Оставалось радоваться, что лампу она так и сжимала сведенной от ужаса рукой – керосин не вылился, огонь не потух. А открывшаяся картина вдохновляла на мародерство. Весняна была настоящей хозяйкой – старательной и запасливой. На стеллажах высились литровые банки с вареньем, трешки с засолками, половины из которых Смоль не знала даже по названиям. У дальней стены в приподнятых над землей ящиках пахли сыростью морковь, свекла и картошка.
Она разбирала почерк женщины на компотах, когда дверца люка с шумом захлопнулась, оставляя ее в круглом пятнышке света от лампы.
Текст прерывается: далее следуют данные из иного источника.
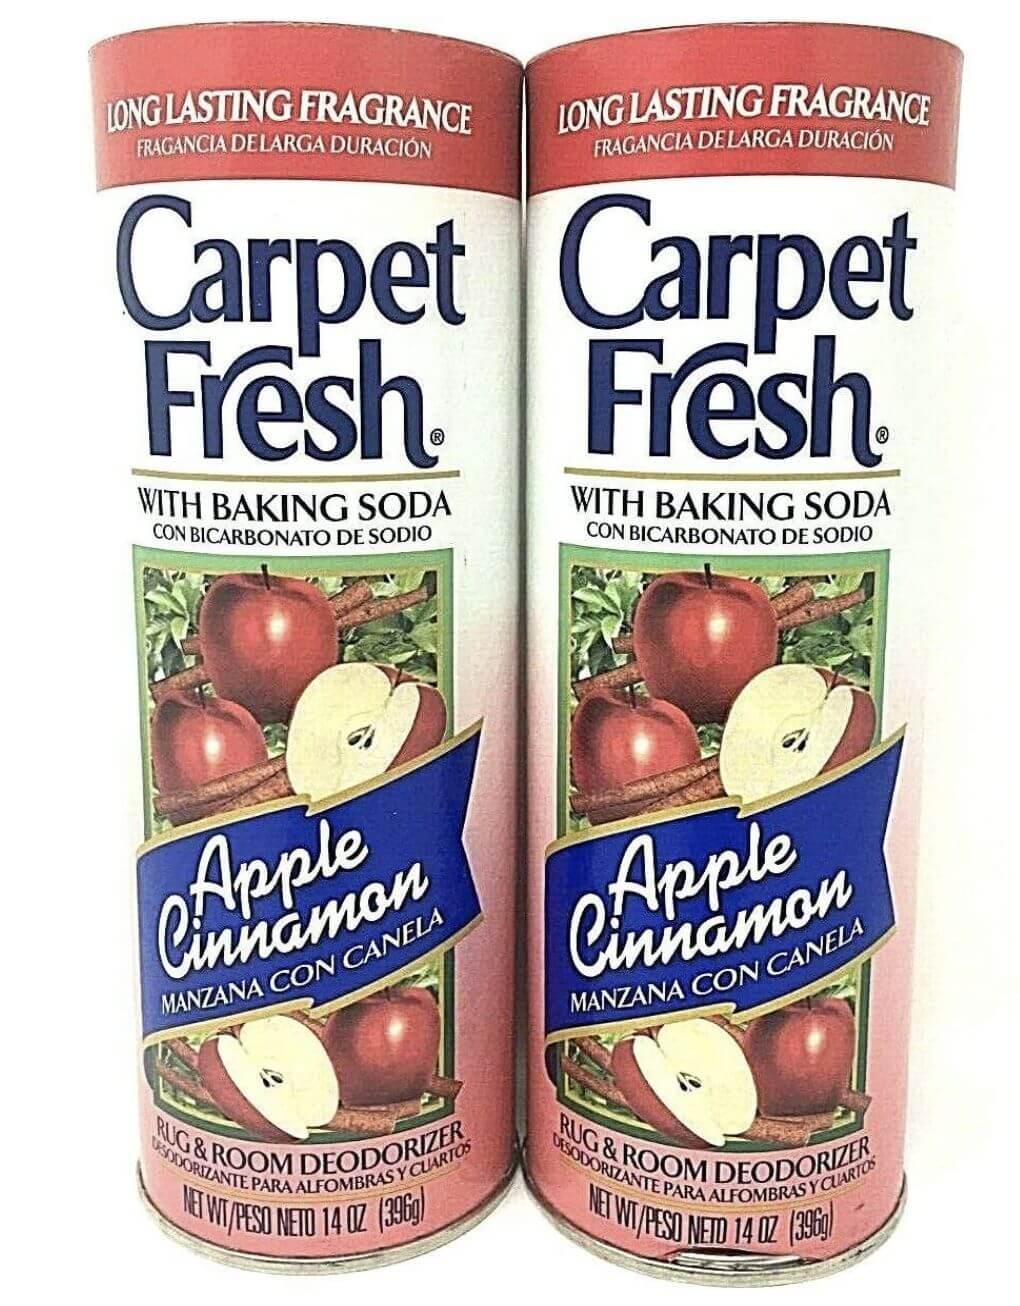 carpet fresh apple cinnamon
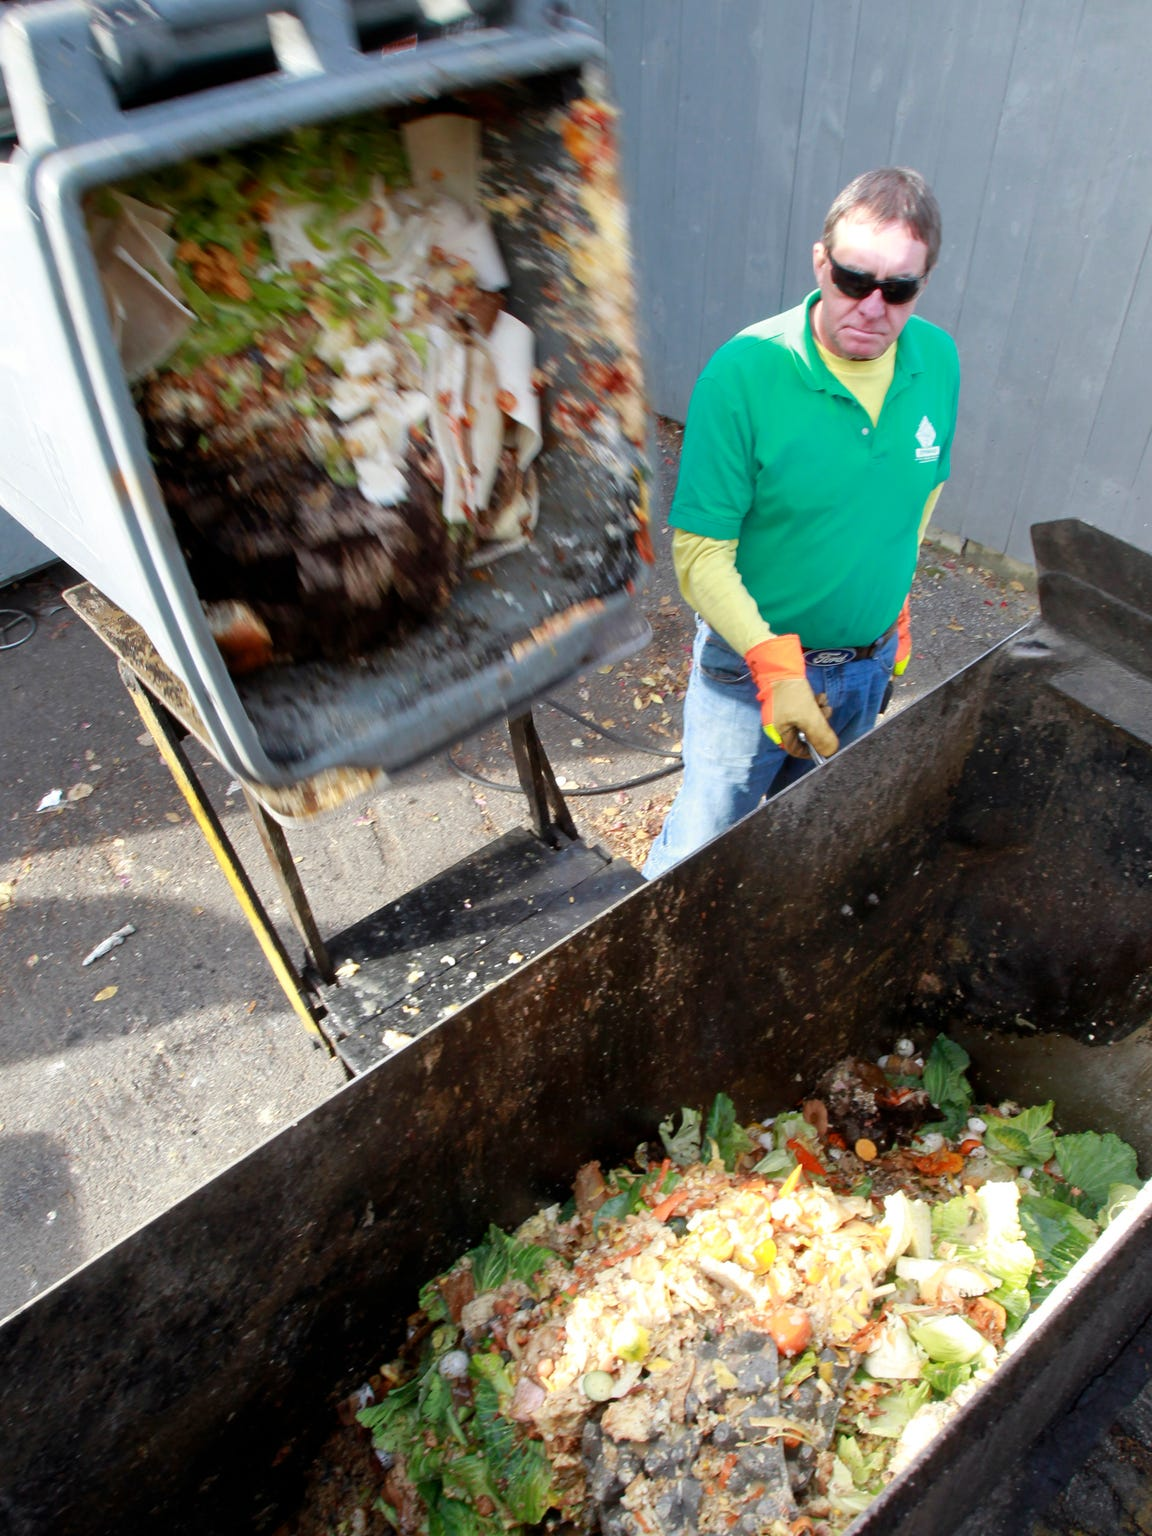 In this Nov. 15, 2013, photo, Bob Freeman loads food

Страх попытался с наскока забраться на плечи, но ноги усатой мордой коснулся кот, и тот нехотя отступил. Спрятался в темном углу, куда не добирался свет лампы. Кровожадно притаился, поджидая момент. А Катя шла и деловито подсчитывала богатства, у которых больше не было хозяина. На месяц хватит, они возьмут куда меньше половины.
В темноте Смоль пробыла совсем недолго – оживленно растирала плесень на бумажке, содержимое которой не могла прочесть. Внутри мутно плескалась белесая жидкость, но ни ягод, ни фруктов там не наблюдалось. Заскребся у лестницы кот, пронзительно мяукнул, глядя на закрытый люк, она лишь вяло отмахнулась:
– Ожидайте, сударь, сейчас я осмотрюсь здесь как следует и выйдем.
Голосить от этого сударь не прекратил. На третьем кошачьем проклятии люк со скрипом открылся. Быстро и резко, чуть не слетел с петель. Не нужно было думать, чтобы понять, кто приложил к нему богатырскую силушку. В темноту просунулась короткостриженая голова Славика, и он бесхитростно улыбнулся:
– Вот те на, а если б я домой не заскочил? Искали бы Катю долго и старательно.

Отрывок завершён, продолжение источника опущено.